Horsham District Council has proposed an order giving the public greater control on dogs and banning free-running in the town centre.
The council is seeking to introduce a Public Spaces Protection Order to prohibit certain anti-social activities within the district.
A spokesman for HDC said it had been working through the Community Safety Partnership and identified ‘specific ongoing unreasonable’ activities that have or were likely to have a harmful effect on people living, working or visiting the town.
Activities which would be banned under the order include anti-social consumption of alcohol in public spaces, parkour or free-running in the town centre and anti-social use of vehicles.
The order would also give residents greater controls on dogs in the district, where currently there are no restrictions.
The council said due recent incidents where livestock had been attacked a condition will be included whereby dog owners must put their dogs on a lead if asked to do so by a member of the public in a public space.
The full list of activities which would be prohibited under the order include:
- Anti-social consumption of alcohol in public spaces across the district
- Parkour or free-running in Horsham town centre which can cause substantial damage to property
- Anti-social use of vehicles across the district where individuals meet in public places, play loud music, race and cause harassment to residents and other road users
- Anti-social use of horse drawn vehicles across the district; racing and time trials which block dual carriageways presenting significant danger to other road users
- Dog fouling across the district on any land open to the air to which the public has access
- Control of dogs across the district; there are currently no restrictions to control dogs within Horsham district creating incidents where livestock are attacked. A condition will be included in the Order whereby the dog owner must put their dog on a lead if asked to do so by a relevant person in a public space.

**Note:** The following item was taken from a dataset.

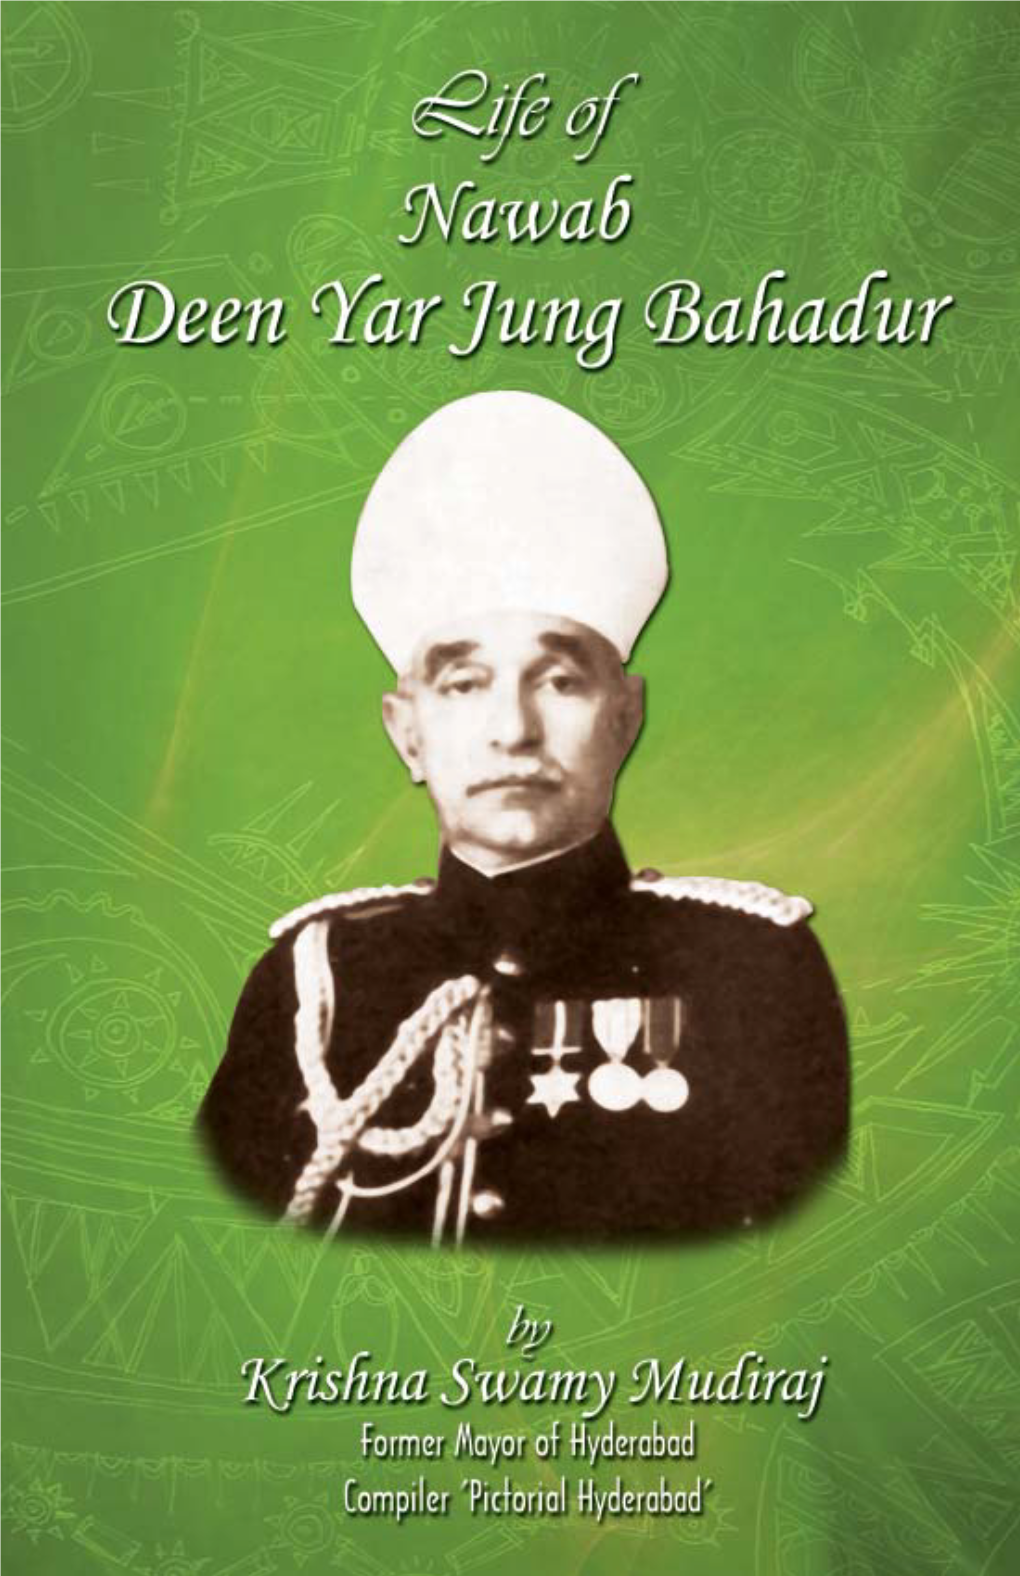 Life of Nawab Deen Yar Jung Bahadur

A public consultation is taking place from May 16 to June 13 on the council’s website where residents can have their say on the proposals.
The recommendation will be put before the council on June 29.
Cabinet member for community and wellbeing Kate Rowbottom said: “I really welcome the proposals to introduce this Public Space Order.
“Anti-social behaviour can have a detrimental impact on people’s quality of life, not to mention the negative perception it can give to an area.
“These orders are designed to regulate activities in particular public places and help authorities like ours to deal with persistent anti-social behaviour in areas where concerns have been highlighted.
“We are keen to know what people think of the plans and would encourage as many of you as possible to give us your feedback as part of the consultation.”
To view and comment on the proposals visit www.snapsurveys.com/wh/s.asp?k=146419326831
The council is able to bring forward the order under Section 59 of the Anti-Social Behaviour, Crime and Policing Act 2014.
The orders give councils and police additional powers and greater flexibility to tackle anti-social behaviour in defined geographical areas.